I will not cite here the stereotyped phrases that meditation helps me to be more attentive, focused and enjoy a full, conscious life on the path to nirvana. The truth is that my goal and the effect of the practice, as I deepened into this “science”, gradually transformed. At first I was looking for an inner space in which I could be alone with my thoughts, putting aside the daily hustle and bustle.

When it turned out, I was a little horrified by this “mental diarrhea” inside myself and began to try to find the control panel for this kaleidoscope of plans, ideas and experiences. The search for this “inner joystick” (Osho called it “inner observer”) brought me to the understanding that the concept of a conscious life cannot be put into just 15-25 minutes in the morning and needs to be carried over into daily life.

At this point,

I was able to get rid of the recurrent attacks of anxiety that were previously encountered; Learned to abstract from external and internal information noise; He began to come to a “working state” faster, without procrastination and doping in the form of coffee, etc. Worked on the deliberate use of gadgets and content consumption; Became more observant, began to feel others better (this helps when communicating and negotiating with colleagues, partners);

Now I am close to the idea in which the effect and purpose of meditation is divided into a wide and deep path (the so-called “awakening”). This concept was first mentioned in one of the oldest treatises on meditation “Visuddhimagga” and is described in more detail in the book that I already mentioned earlier – ” Changed character traits. How Meditation Changes Your Mind, Brain and Body.

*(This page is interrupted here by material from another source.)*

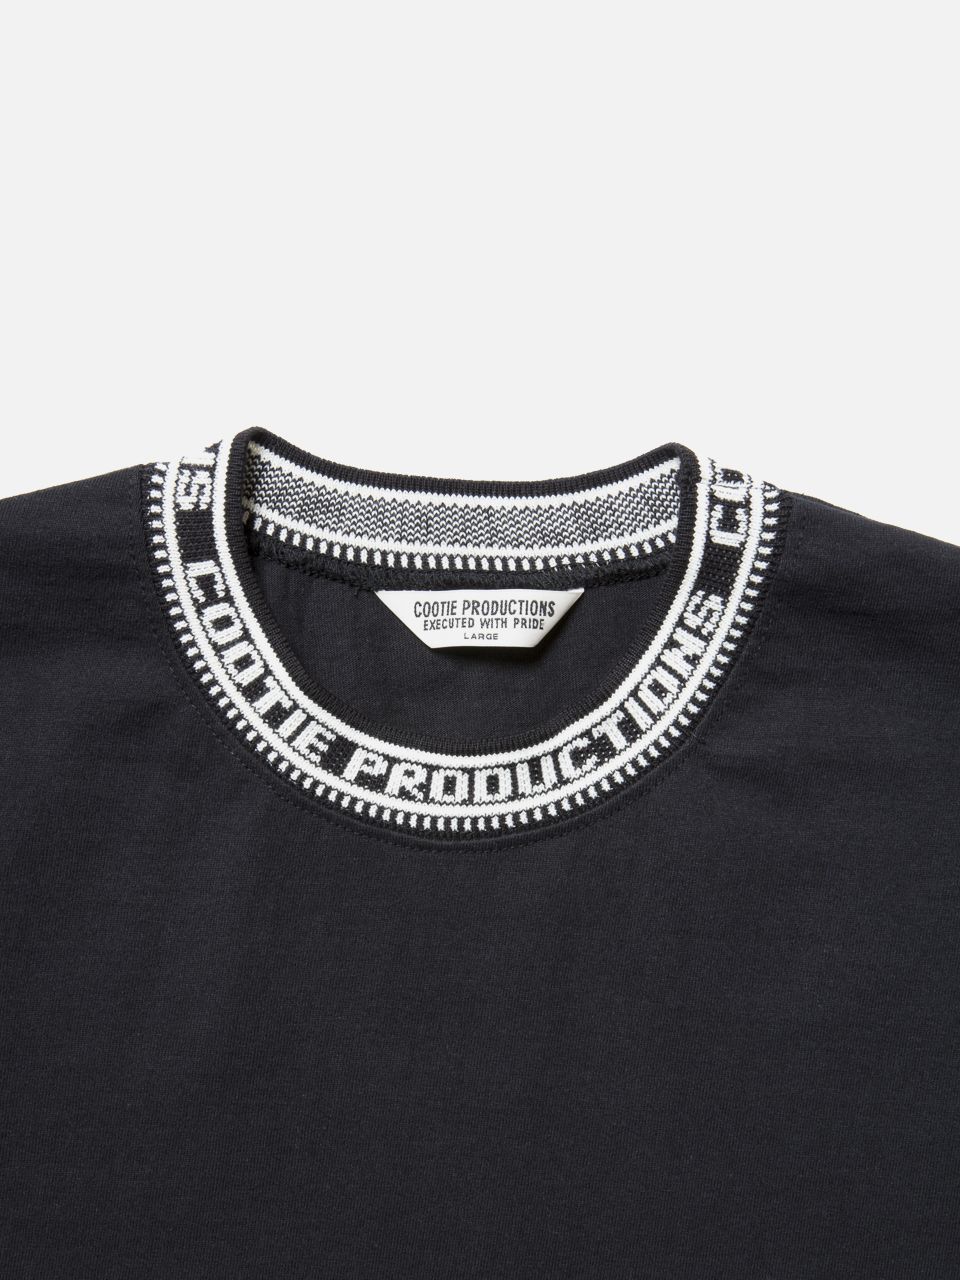 COOTIE クーティ 通販 19SS Jacquard Collar S/S Tee
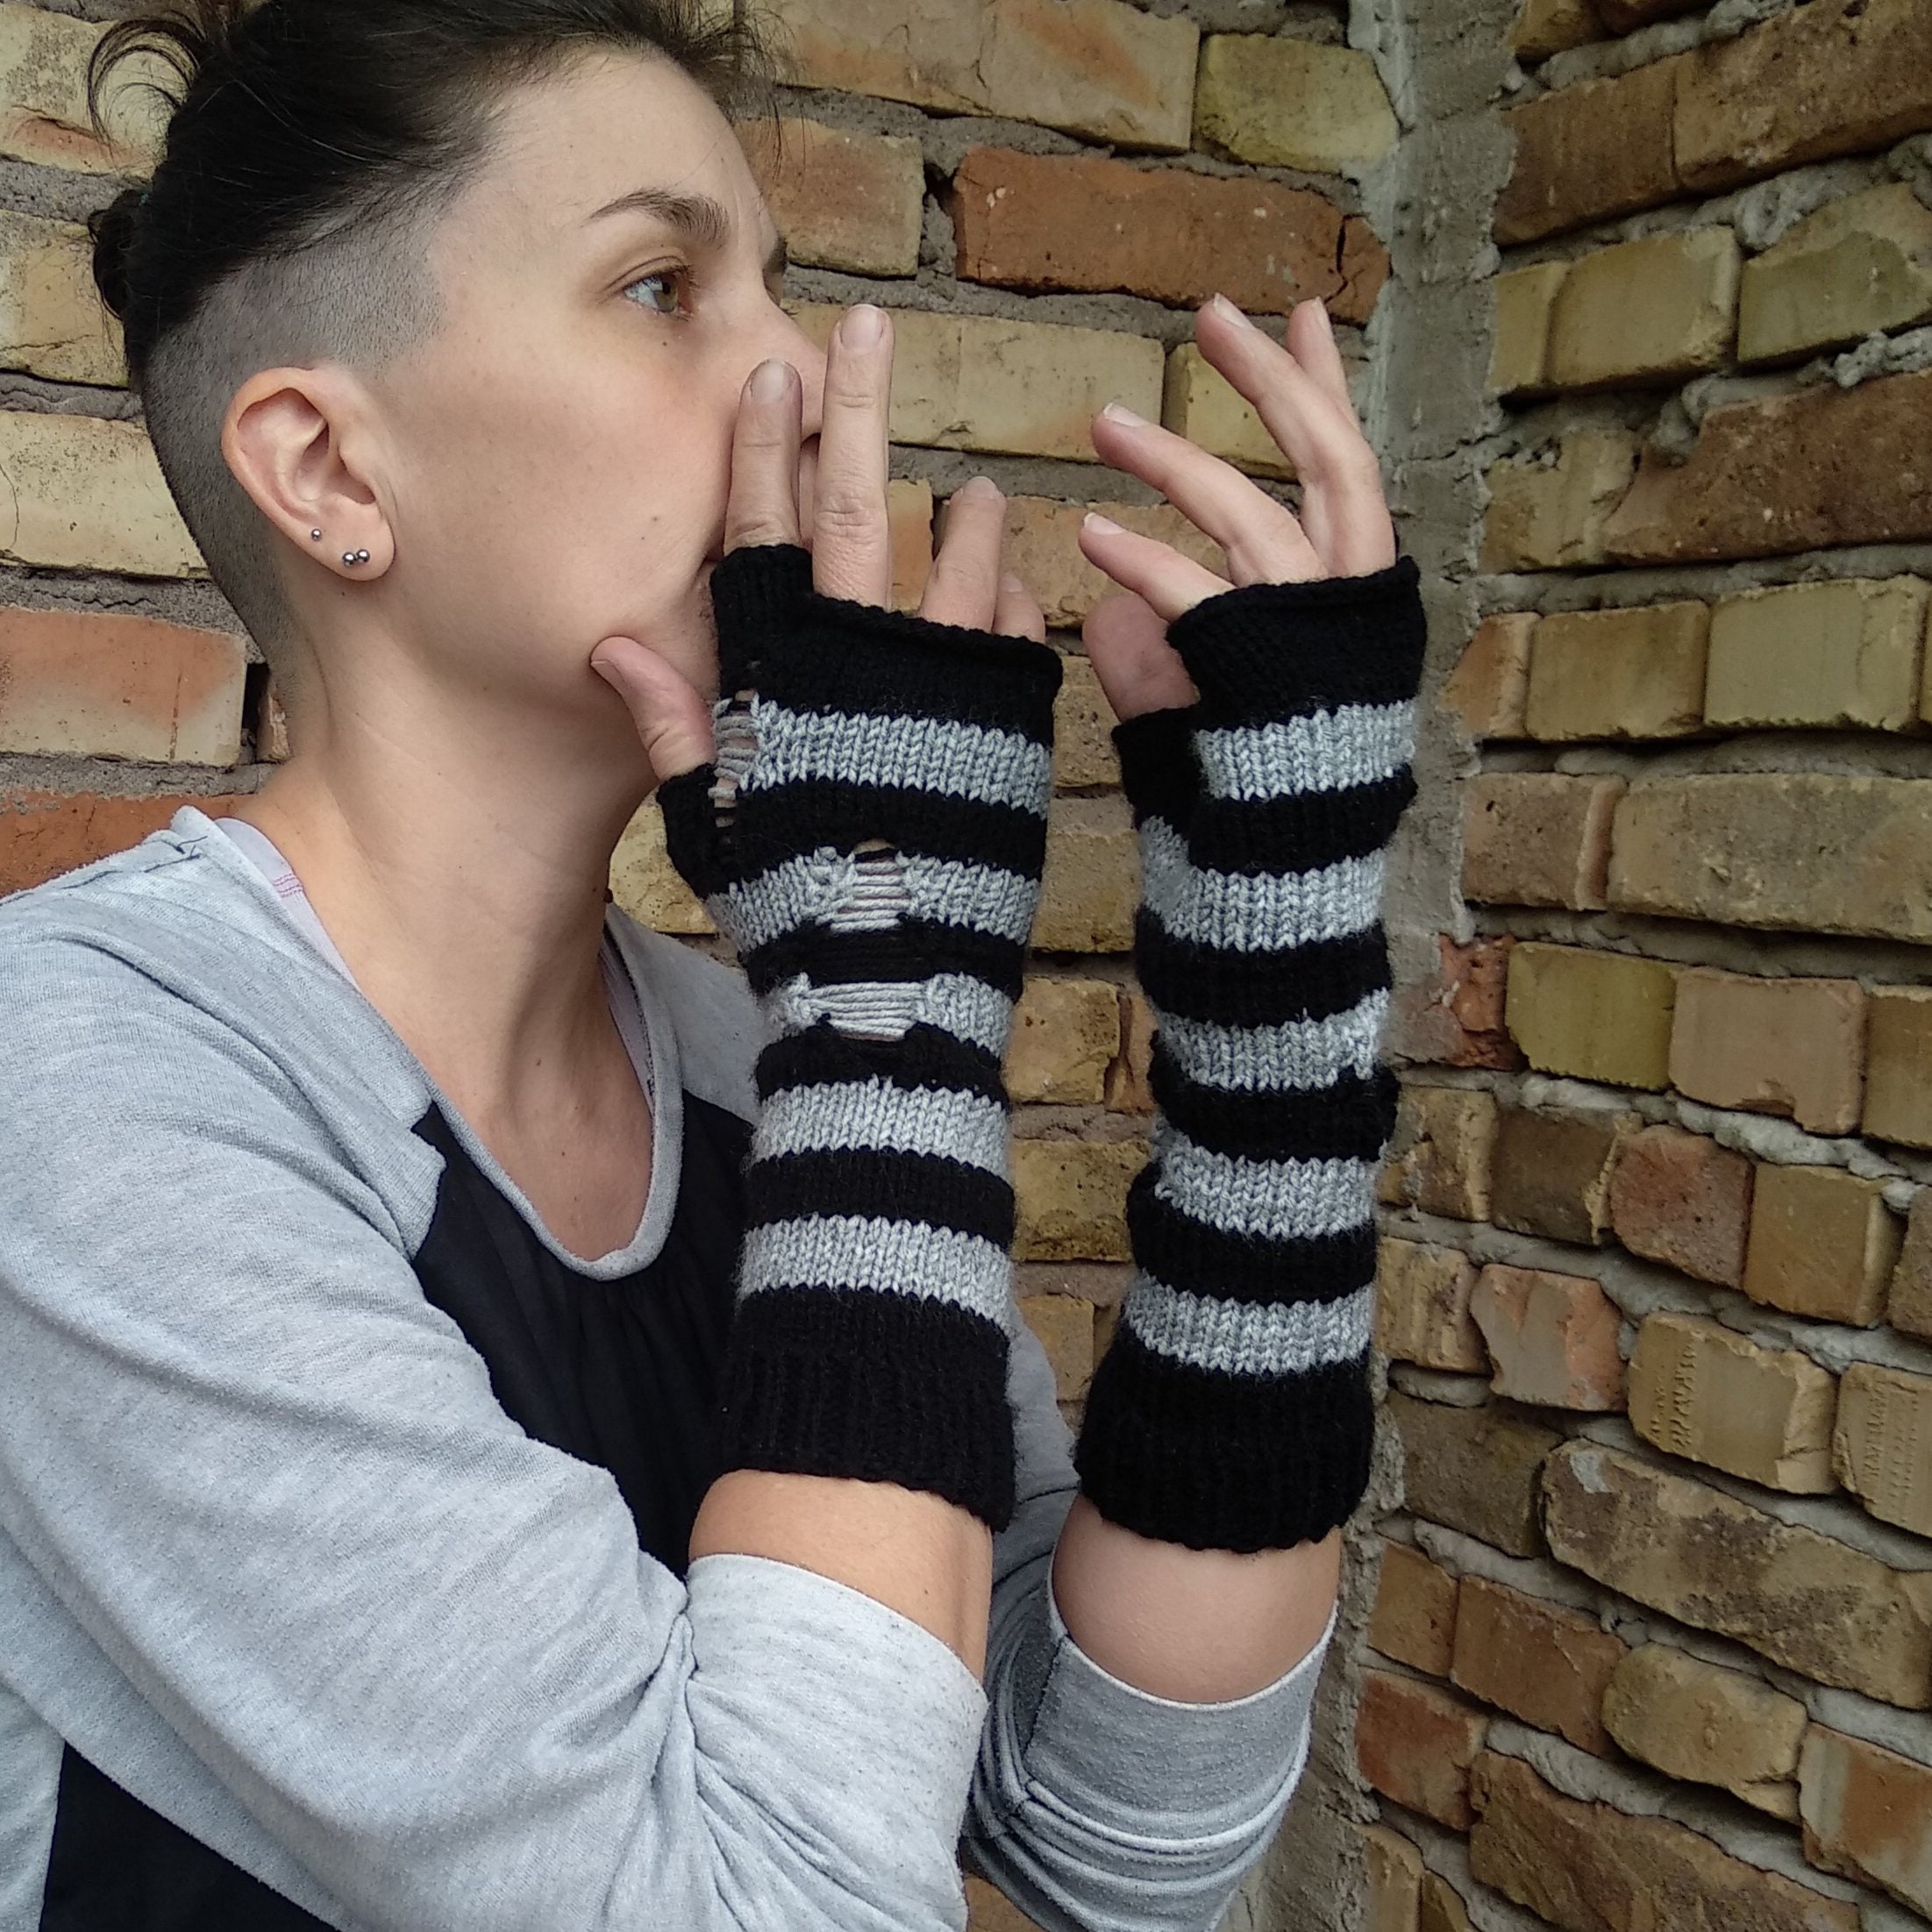 Striped Unisex Gray Arm Warmers, Emo Fingerless Gloves with Holes, Gothic Torned Mittens, Anime Clothing, Halloween Costume

On the broad path from meditation, they take only what lies on the surface – the practice of reducing stress, developing mindfulness, focusing. These are a kind of “side effects” of meditation, which, at the same time, are very important for a modern person, and are widely used in courses and applications all over the world. At the same time, meditation also has a deep goal, for which it was invented. This is the transformation of the personality, the development of changed traits, new qualities that persist even outside of practice.